Bt cotton is genetically modified to resist the pest and has the
potential to dramatically improve crops while cutting down the use of
pesticides that has now become a grave economic and environmental
threat.

Chinese farmers have already taken the lead in the commercial use of
Bt cotton and their efforts prove the big role that GM crops can play
in both rich and poor countries in the days to come. Thus GM cotton
uses almost 90 per cent less insecticide than non-GM cotton in the
US, and that has meant almost 90 per cent less pesticide polluting
rivers, leaving residues in the soil and killing harmless insects.

Since the science of genetic manipulation is still Greek to the
Indian farmer, its complexity and newness leave room for legitimate
fears. The reality, however, is quite reassuring. Since the first
transgenic plant "a tobacco plant resistant to an antibiotic" was
created in 1983, nearly 30,000 closely monitored field trials on GM
plants have been conducted. These trials have involved billions of
individual plants and, remarkably, none of these trials indicated any
health or environmental hazards. It is unfortunate that green
activists fuel apprehensions by conjuring up images of
herbicide-resistant 'superweeds' and 'supercrops' that would need to
be eradicated by even more powerful chemicals.

One contention of the critics is that the use of such highly potent
herbicides negates the advantages of herbicide-resistant strains.
This is quite untrue, as there is enough scientific experience and
agricultural biotechnology available. Of course, if farmers were to
use herbicide-tolerant crops in isolation, it might engender tolerant
crops. But then farmers in any case usually rotate both crops and
herbicides to minimise the chances of tolerance. So genetic
modification can only help them protect their crops - with far fewer
chemicals, and without the added risk of the crop developing
tolerance.

********************

The IT Revolution Missed Punjab, We Won't Let BT Pass Us By..

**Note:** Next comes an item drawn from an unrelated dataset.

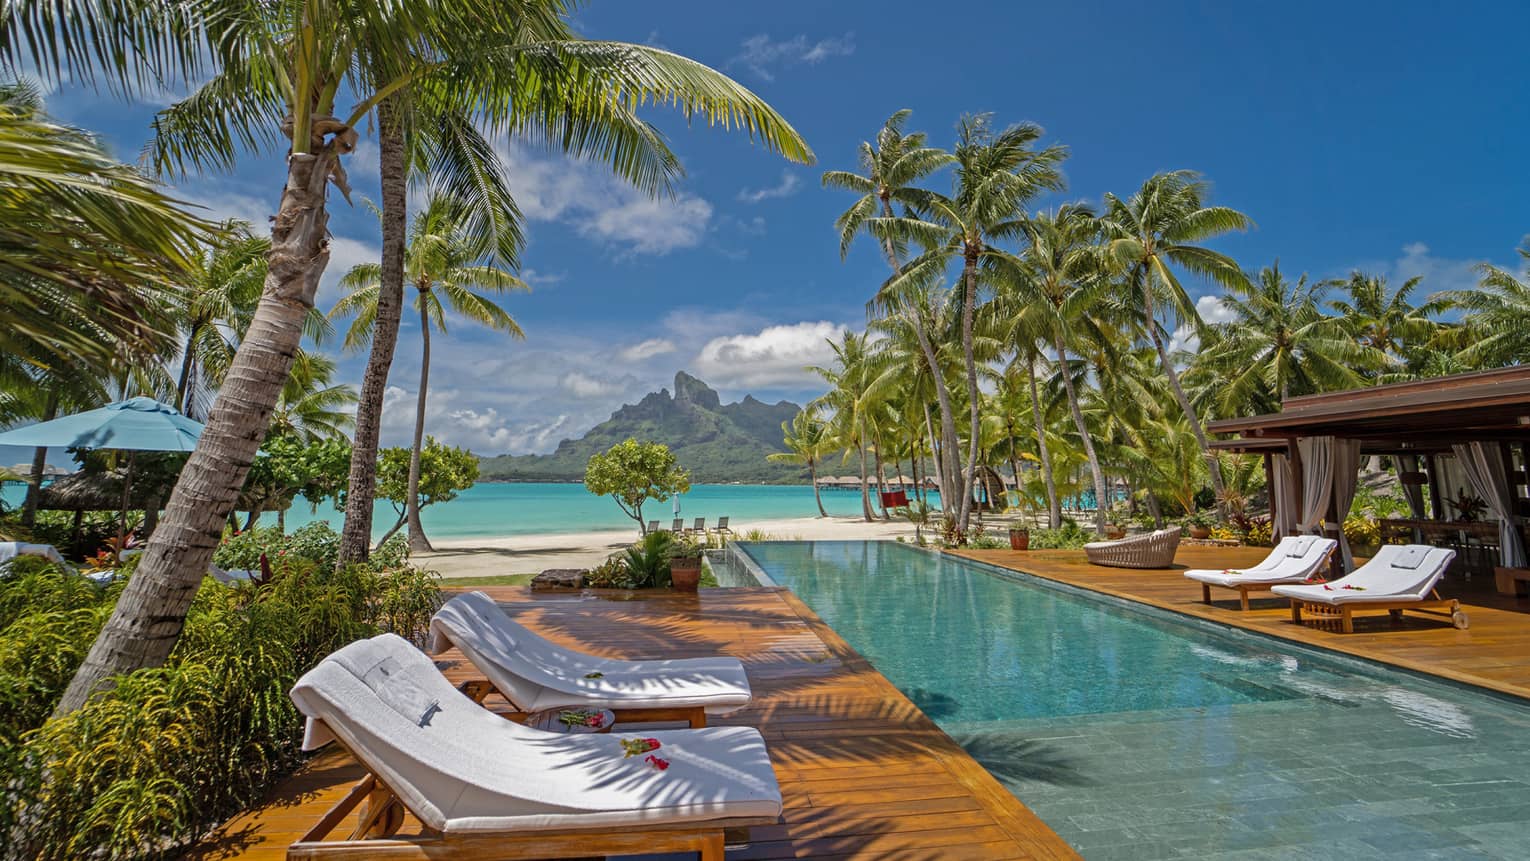 Long rectangular pool with lounge chairs in Bora Bora villa, with view of turquoise lagoon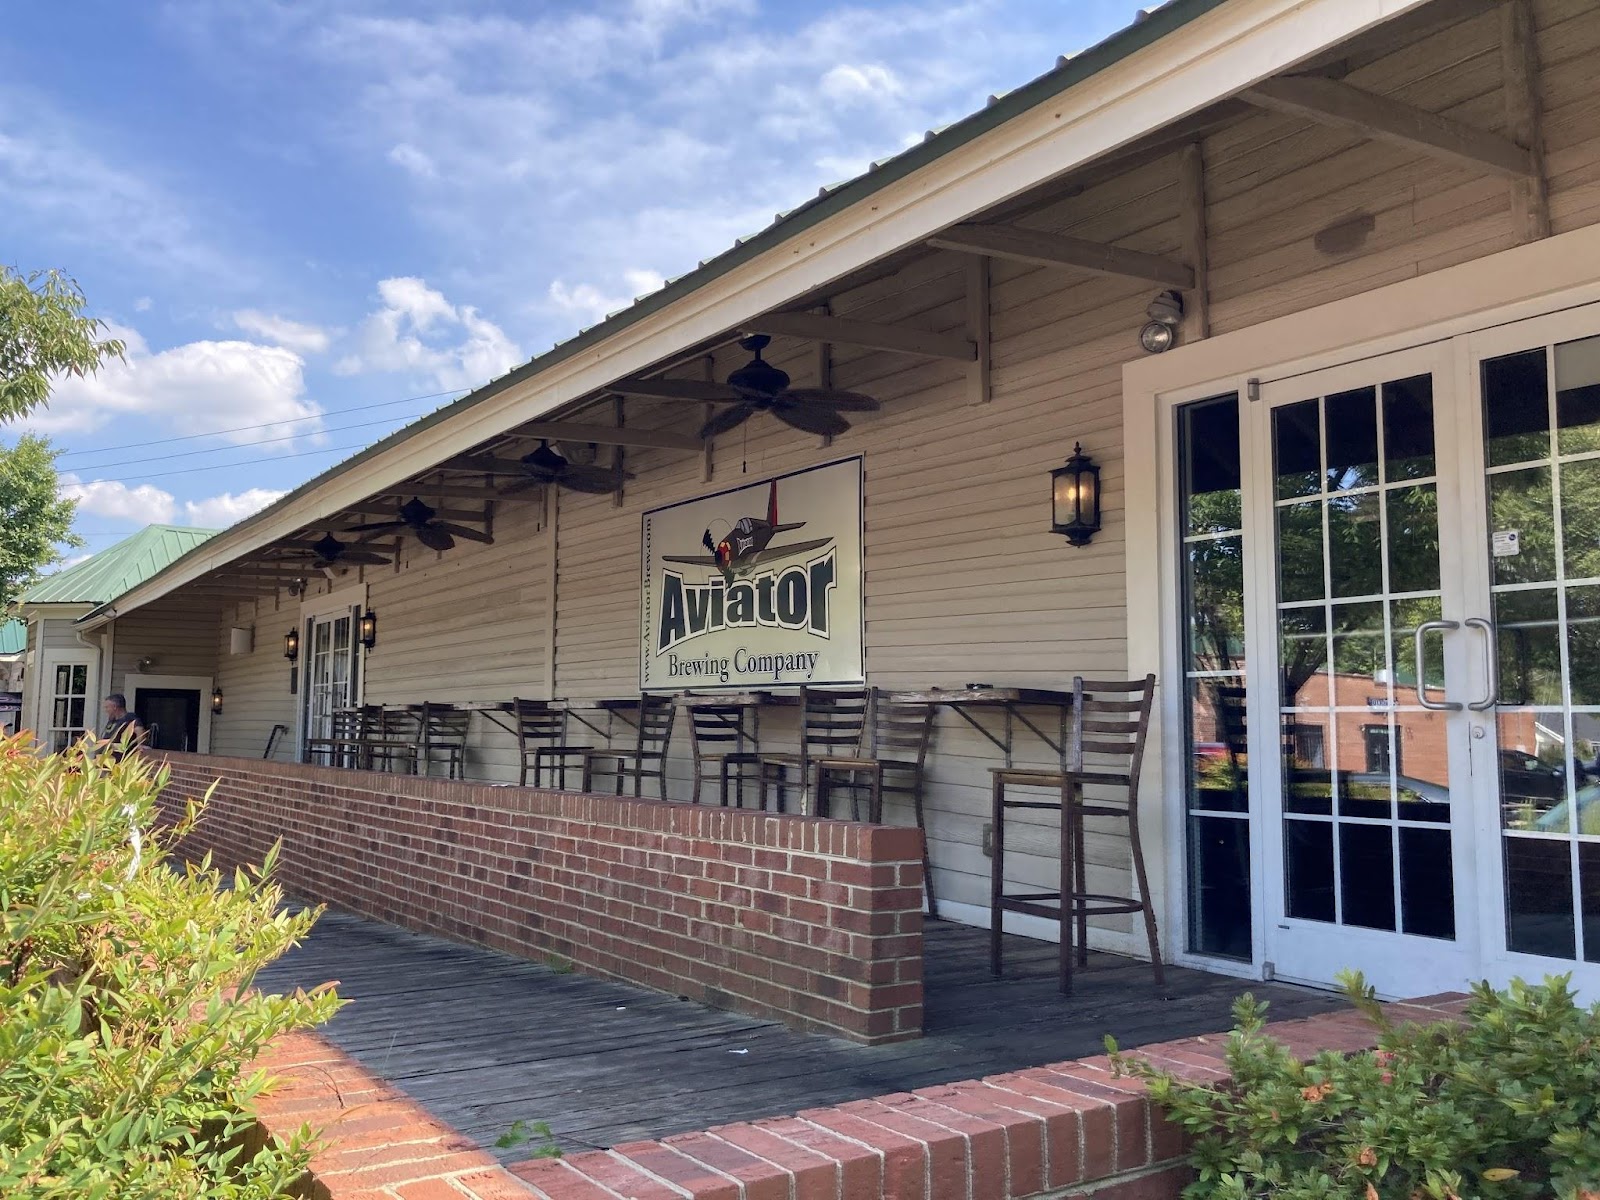 Residents of Fuquay love the Aviator Smokehouse and Brewing Company.

- Sonu Jain, Indian Express, March 8, 2002 (from: Amarjit S. Basra
)
http://www.indian-express.com/ie20020309/top7.html

'Punjab's chief minister says state is on the edge of an agricultural
crisis, its revival hinges on government's approval of Bt cotton
technology'

New Delhi: Ask Captain Amarinder Singh, Punjab's spanking new chief
minister, about the one thing that could turn around the state's
dismal economic condition around and the reply is instantaneous: Bt
cotton. "The infotech revolution missed Punjab. I will not let the
biotechnology revolution pass it by" says the three-day-old chief
minister determinedly.

On the day Amarinder took oath, a high-level committee was set up
under the chairmanship of S S Johal, former vice chancellor of Punjab
Agricultural University, to recommend a strategy for crop
diversification. Though the details haven't been worked out, he says,
the state will also make a pitch for clearance of Bt cotton to the
Genetic Engineering Approval Committee.

Amarinder joins the long list of those who are dismayed - and very
vocally - at the delay in approving Bt cotton for the country. Bt
cotton is a transgenic variety of cotton which has inbuilt resistance
to bollworm, its most common pest.

Amarinder's enthusiasm for Bt cotton is backed by some hard, harsh
facts: from a state which produced 27 lakh (2.7 million) bales of
cotton, production is down to seven lakh (0.7 million) this year.
This is the seventh consecutive cotton crop that has failed in the
state. Six hundred farmers committed suicide in Punjab this year. The
state has already produced 12 million tonnes of wheat in the present
season, adding to the ever-increasing stock.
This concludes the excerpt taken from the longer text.